Information provided.

::::

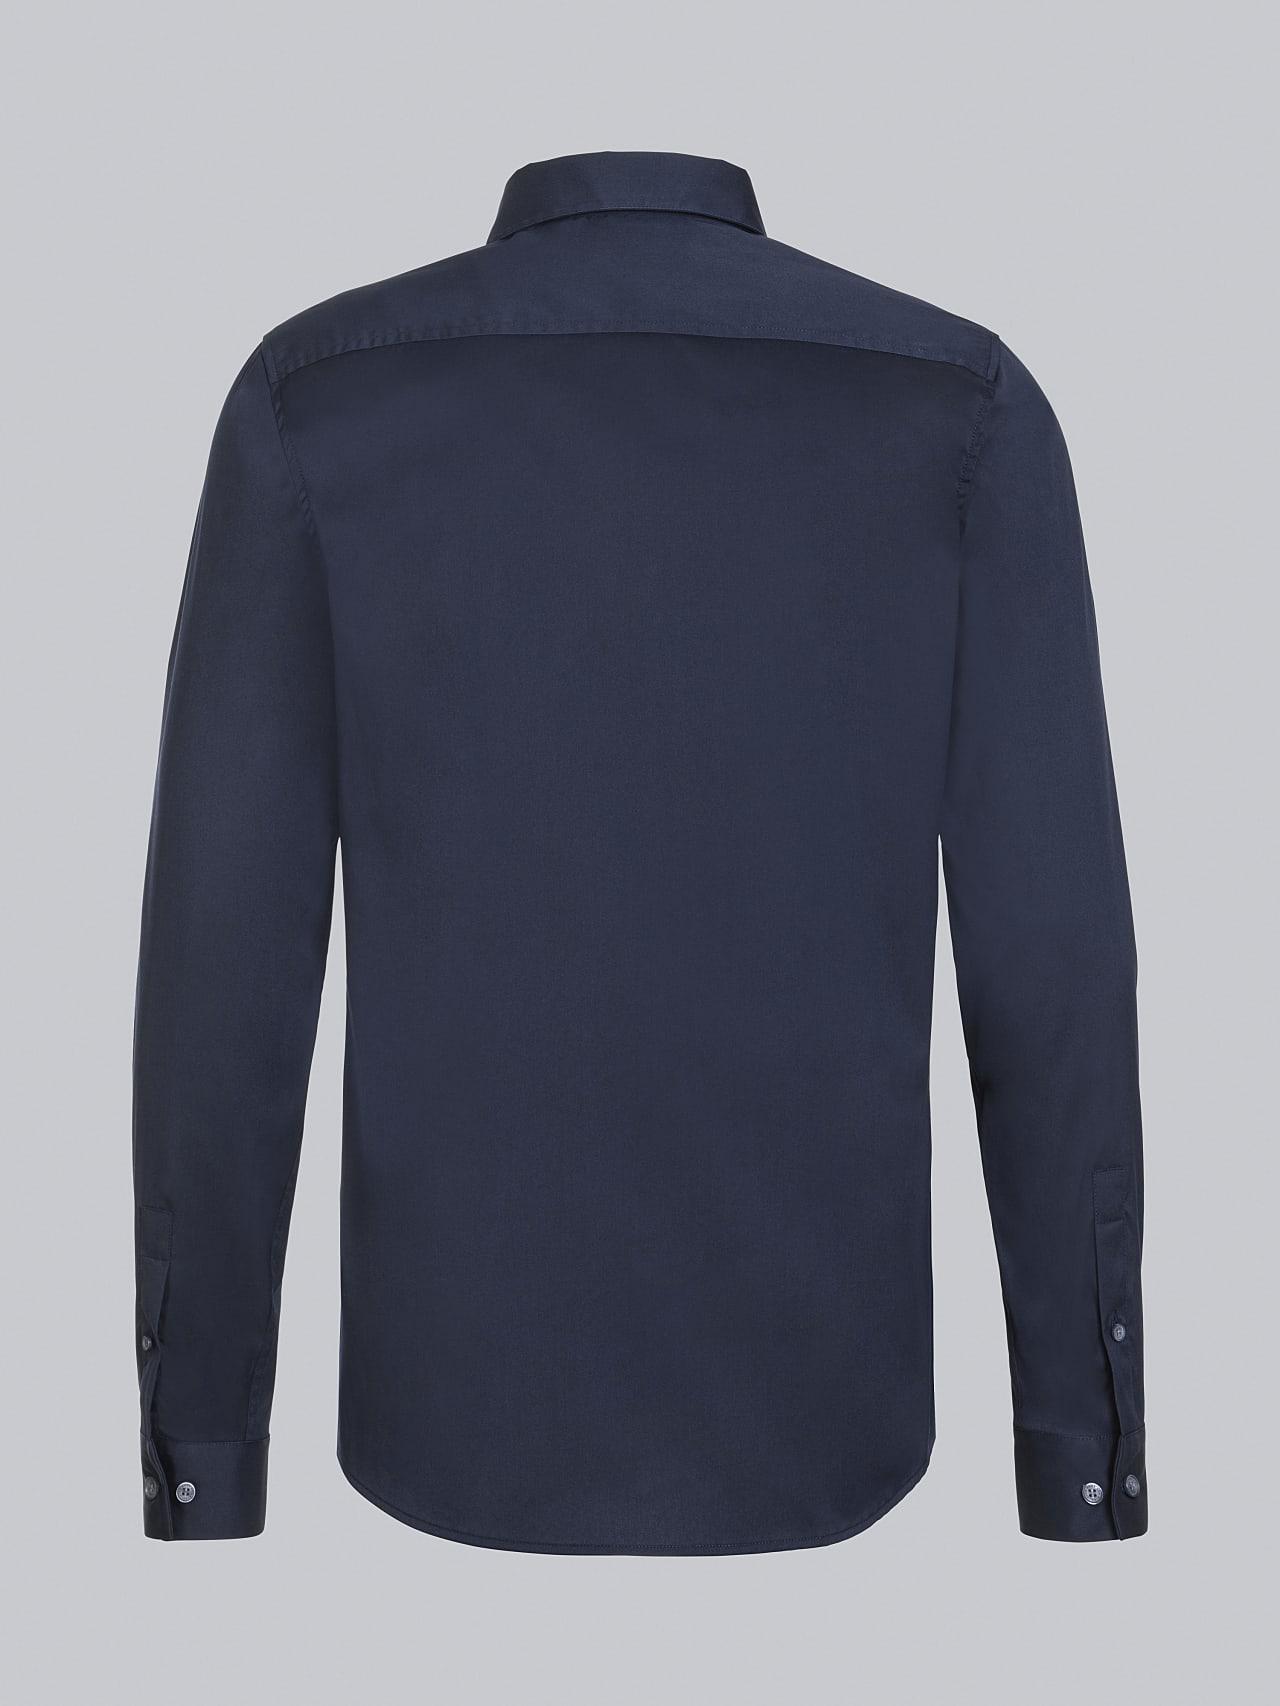 WAARG V2.Y5.02 Easy-Care Cotton Shirt navy Left Alpha Tauri
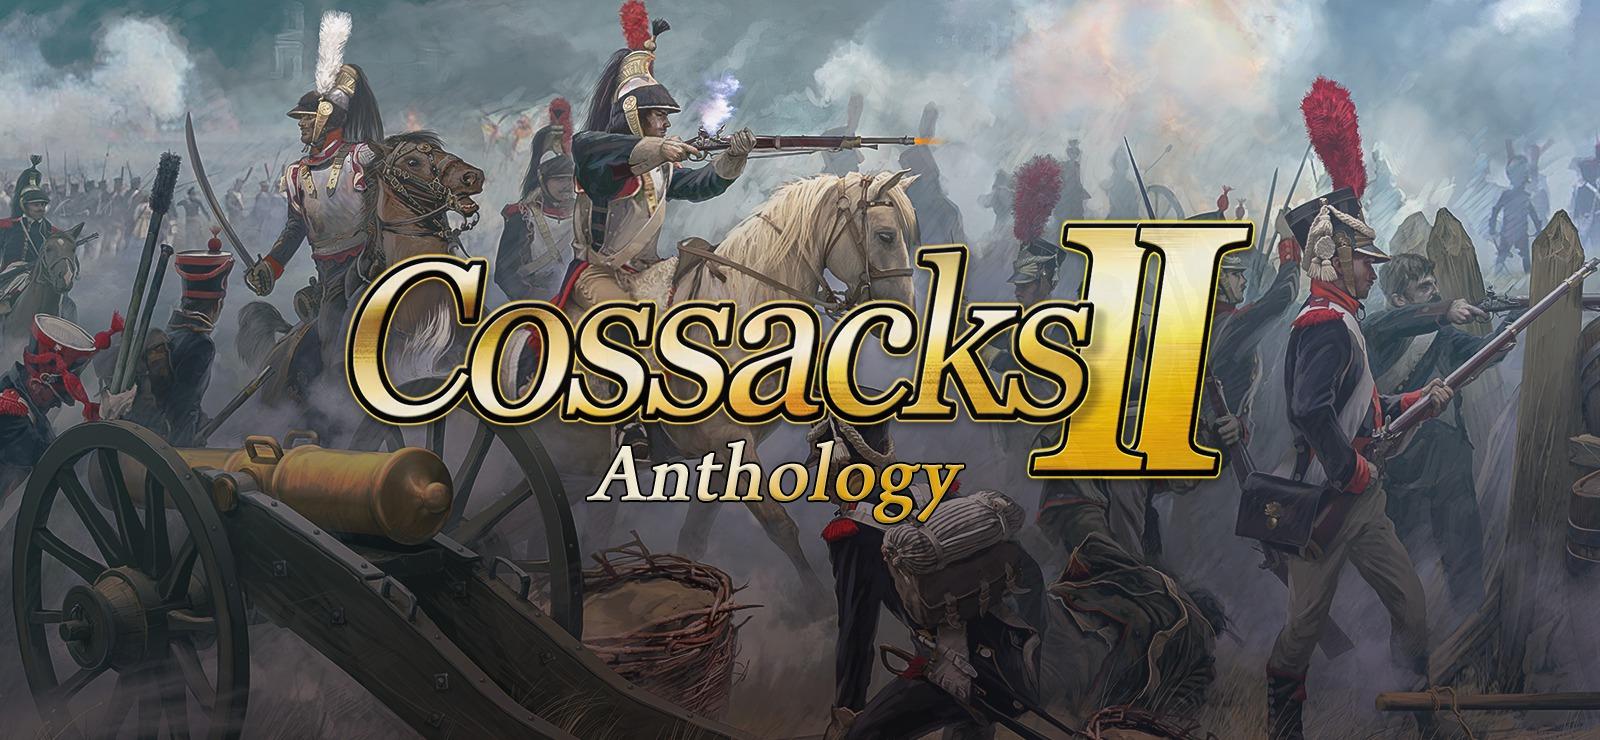 Cossacks II: Napoleonic Wars Free Download
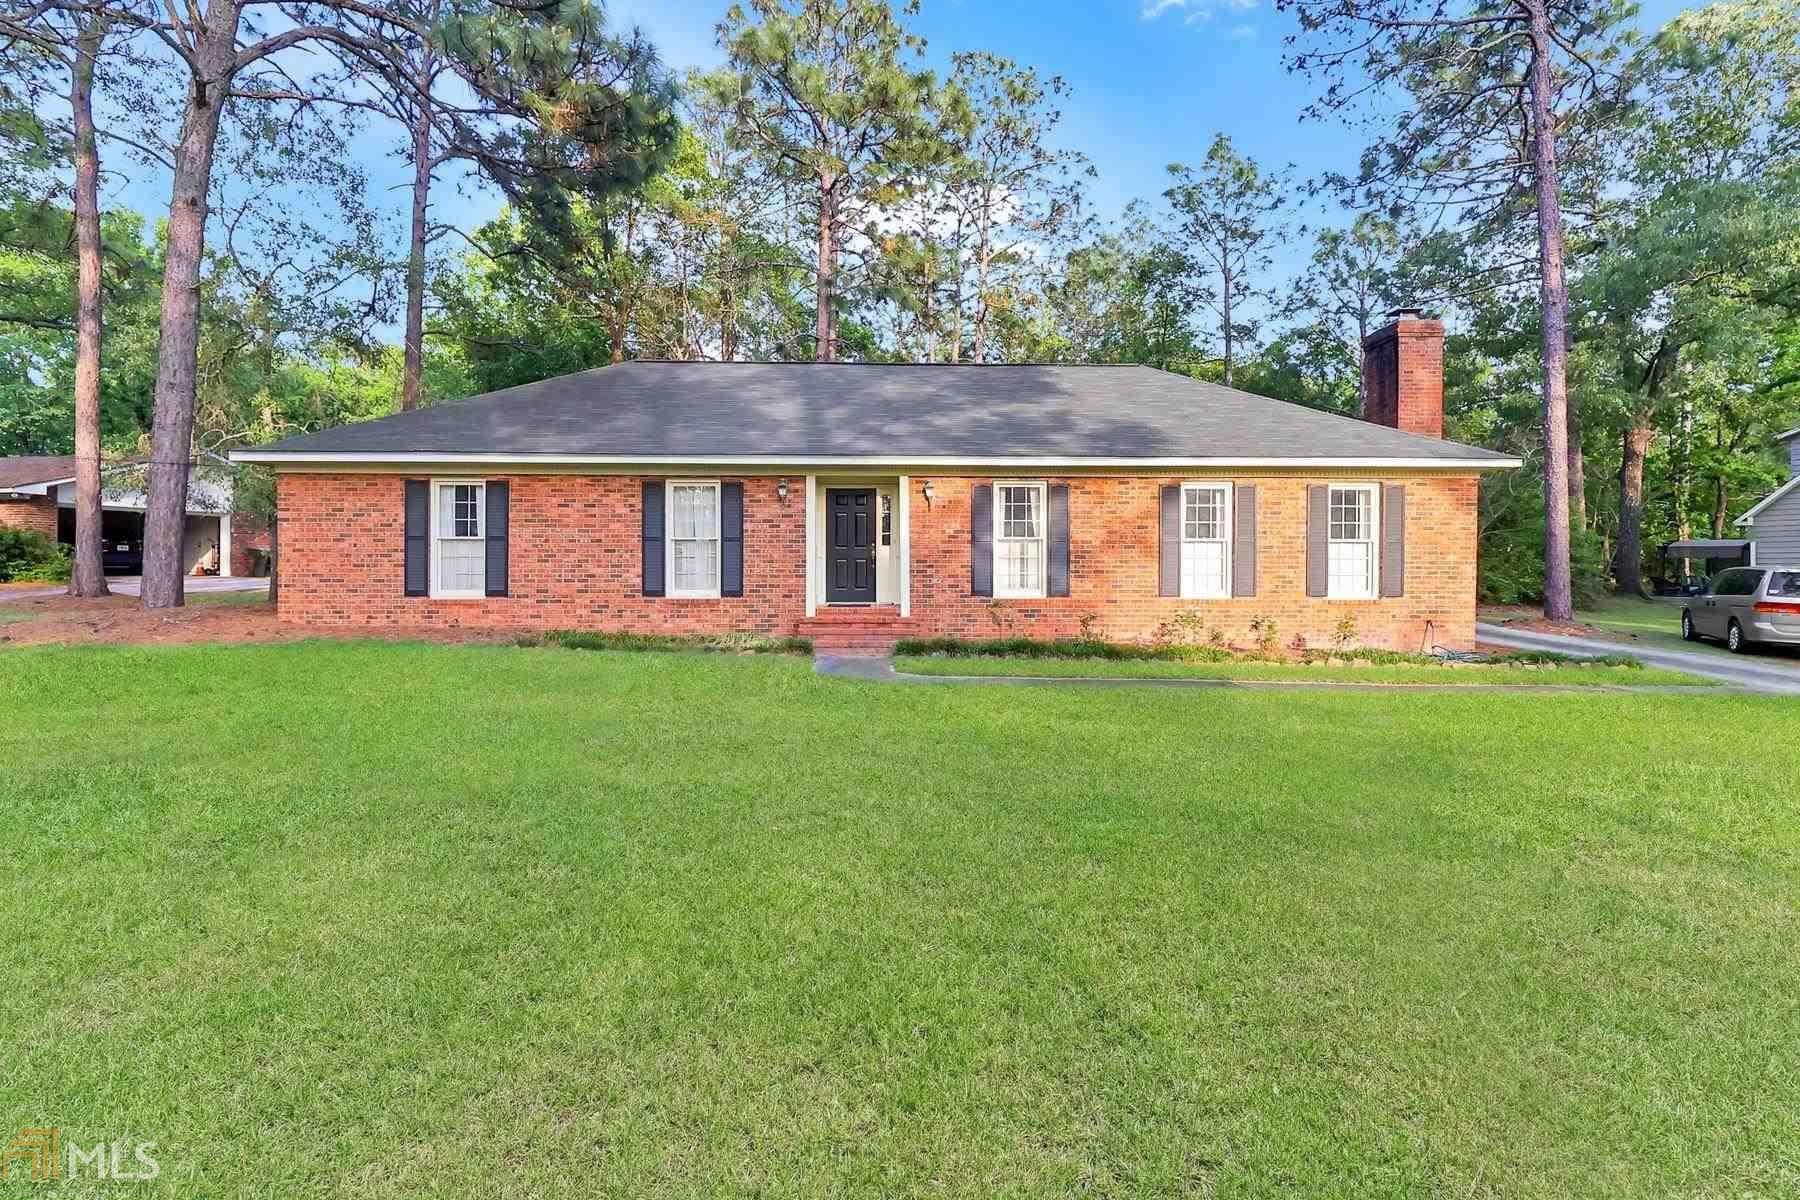 310 Meadowlark Cir, Statesboro, GA 30461 - #: 8970324
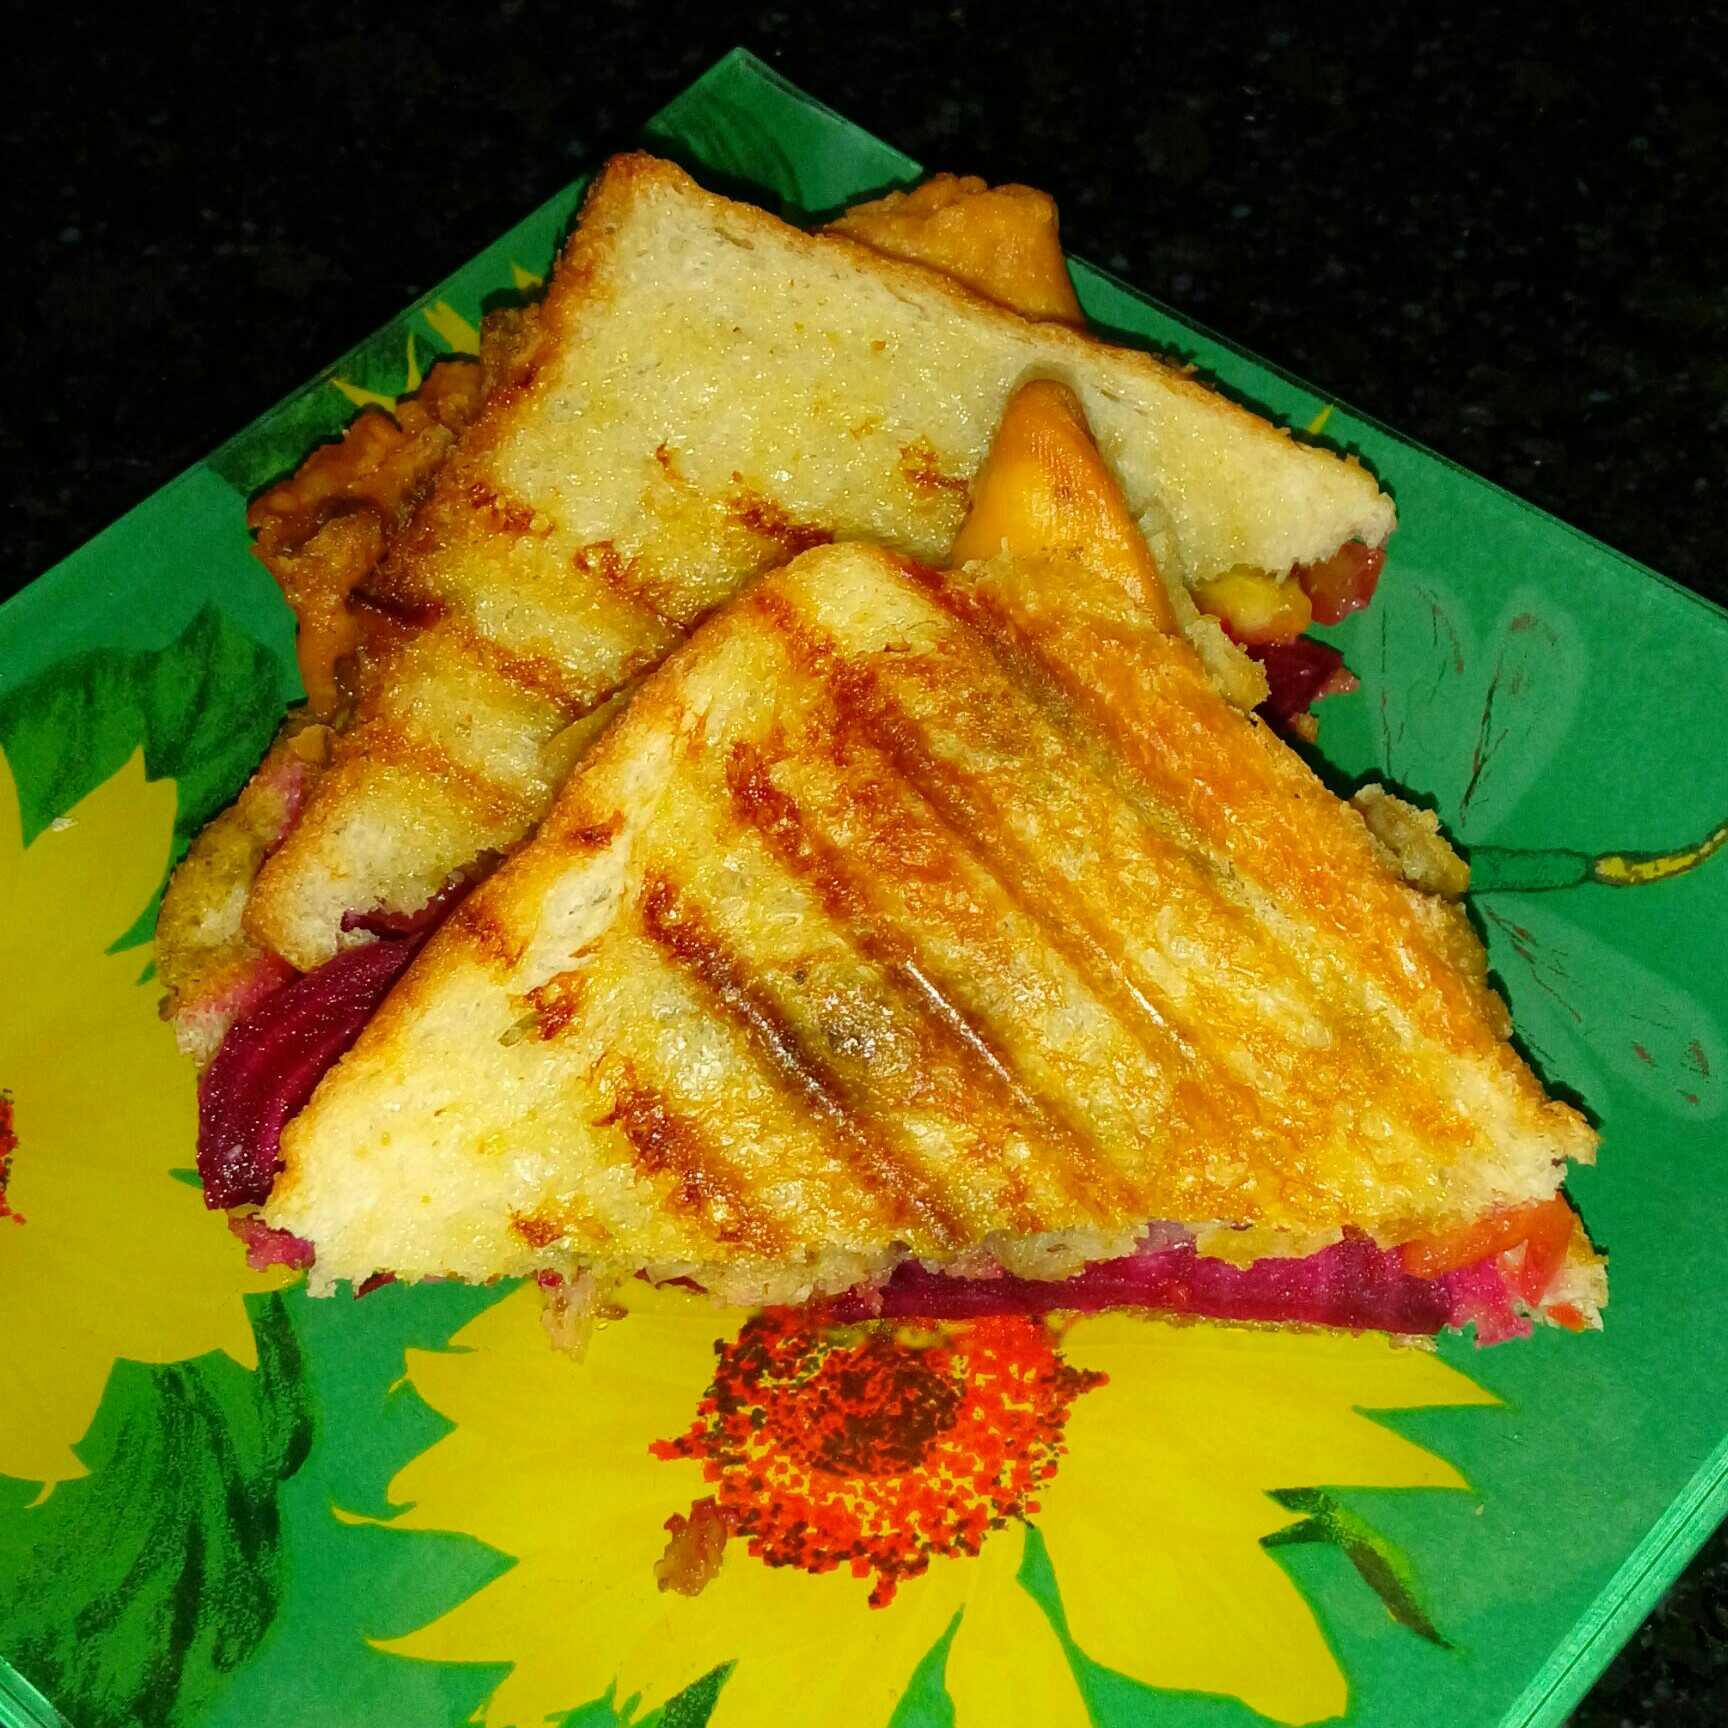 Grilled samosa sandwich

::::

Task requirements. Repeat every line of the data exactly, but do not include pictures.

Solved exercise.
 WAARG V2.Y5.02 Easy-Care Cotton Shirt navy Left Alpha Tauri
 Cossacks II: Napoleonic Wars Free Download
 310 Meadowlark Cir, Statesboro, GA 30461 - #: 8970324
 Grilled samosa sandwich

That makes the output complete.